2nd: i already use this:

for( int b=0; b<5; b++ ){
    lcd.print( test_speicher[b],HEX);
  }

but for some reasons it gives me 19685524 instead of 0109685524.
but that isnt even the problem.

i have to send a data package which contains 10 bytes for the number over serial.
that is why i need the converting.

and i am doing it like this now:

if ((testspeicher3[4] & 0x0f)<0x0A){
    test_speicher2[9] = (testspeicher3[4] & 0x0f) + 0x30;
  } 
  else{
    test_speicher2[9] = (testspeicher3[4] & 0x0f) + 0x37;
  }

it works, but is there a nicer way?

do you maybe even know if i can do that in a “for-loop” for all this:

test_speicher2[0] = ((testspeicher3[0] & 0xf0 ) >> 4 ) + 0x30;
  test_speicher2[1] = (testspeicher3[0] & 0x0f) + 0x30;
  test_speicher2[2] = ((testspeicher3[1] & 0xf0 ) >> 4 ) + 0x30;
  test_speicher2[3] = (testspeicher3[1] & 0x0f) + 0x30;
  test_speicher2[4] = ((testspeicher3[2] & 0xf0 ) >> 4 ) + 0x30;
  test_speicher2[5] = (testspeicher3[2] & 0x0f) + 0x30;
  test_speicher2[6] = ((testspeicher3[3] & 0xf0 ) >> 4 ) + 0x30;
  test_speicher2[7] = (testspeicher3[3] & 0x0f) + 0x30;
  test_speicher2[8] = ((testspeicher3[4] & 0xf0 ) >> 4 ) + 0x30;
  test_speicher2[9] = (testspeicher3[4] & 0x0f) + 0x30;

but for some reasons it gives me 19685524 instead of 0109685524.

You're missing the leading zeroes.

AWOL:

but for some reasons it gives me 19685524 instead of 0109685524.

You're missing the leading zeroes.

how can i avoid that when using lcd.print?

By testing to see if the number you're about to print is less than 16.

all this obvious answers :sweat_smile:

thought there maybe some “cooler” ways to do it.

i am doingt it like this now:

for( int b=0; b<5; b++ ){
    if (test_speicher[b]<16){
      lcd.print("0");
      lcd.print( test_speicher[b],HEX);
    }
    else    lcd.print( test_speicher[b],HEX);
  }

but i found a new wiered problem.
the loop above works fine with tags that give me numbers like this: {01, 09, 68, 55, 34}.

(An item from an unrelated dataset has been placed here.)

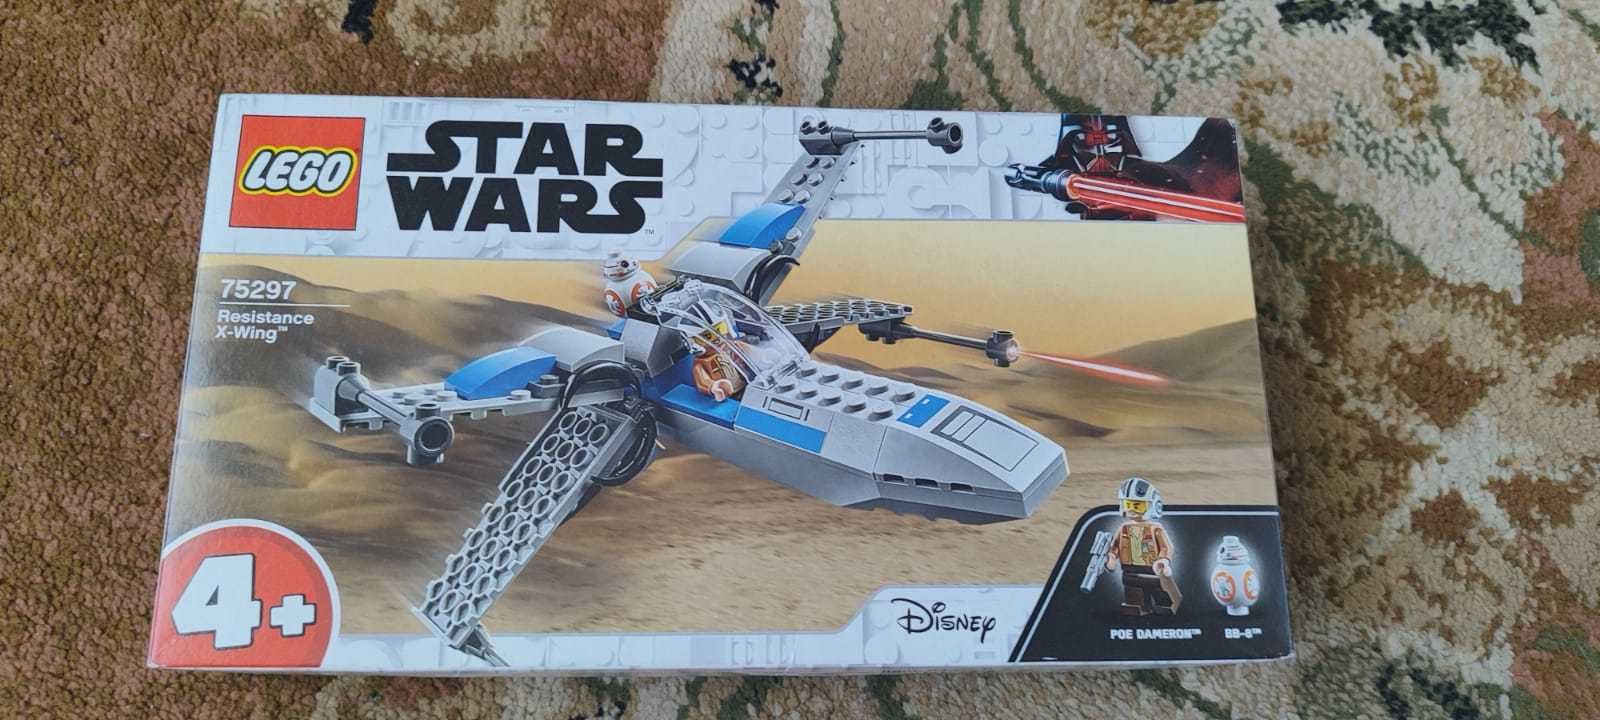 Lego 75297 Star Wars

but when i read this tag: {01, 09, 68, 46, 8f} it gives me this on my lcd-display: 010968460ffffff8f. :~

Sign extension - cast your numbers to “byte”

for( int b=0; b<5; b++ ){
    if (test_speicher[b]<16){
      lcd.print("0");
    }
    lcd.print( (byte)test_speicher[b],HEX);
 for( int b=0; b<5; b++ ){
    if (test_speicher[b]<16){
      lcd.print("0");
      lcd.print( (byte)test_speicher[b],HEX);
    }
    else  lcd.print( (byte)test_speicher[b],HEX);
  }

now i dont get 010968460ffffff8f, but i still get 0109684608f instead of 010968468f.

one zero to much.

Randam:

 for( int b=0; b<5; b++ ){

if (test_speicher[b]<16){
      lcd.print(“0”);
      lcd.print( (byte)test_speicher[b],HEX);
    }
    else  lcd.print( (byte)test_speicher[b],HEX);
  }




now i dont get 01096846**0ffffff**8f, but i still get 01096846**0**8f instead of 010968468f.

one zero to much.

Same problem, but further up. You’re comparing a signed value with 16, and if it’s lower then put a 0 - the same 7th bit of 0x8f that caused the fffff to appear is making it a negative number, so it will be less than 16.

It would be better to use a byte array not a char array right from the start.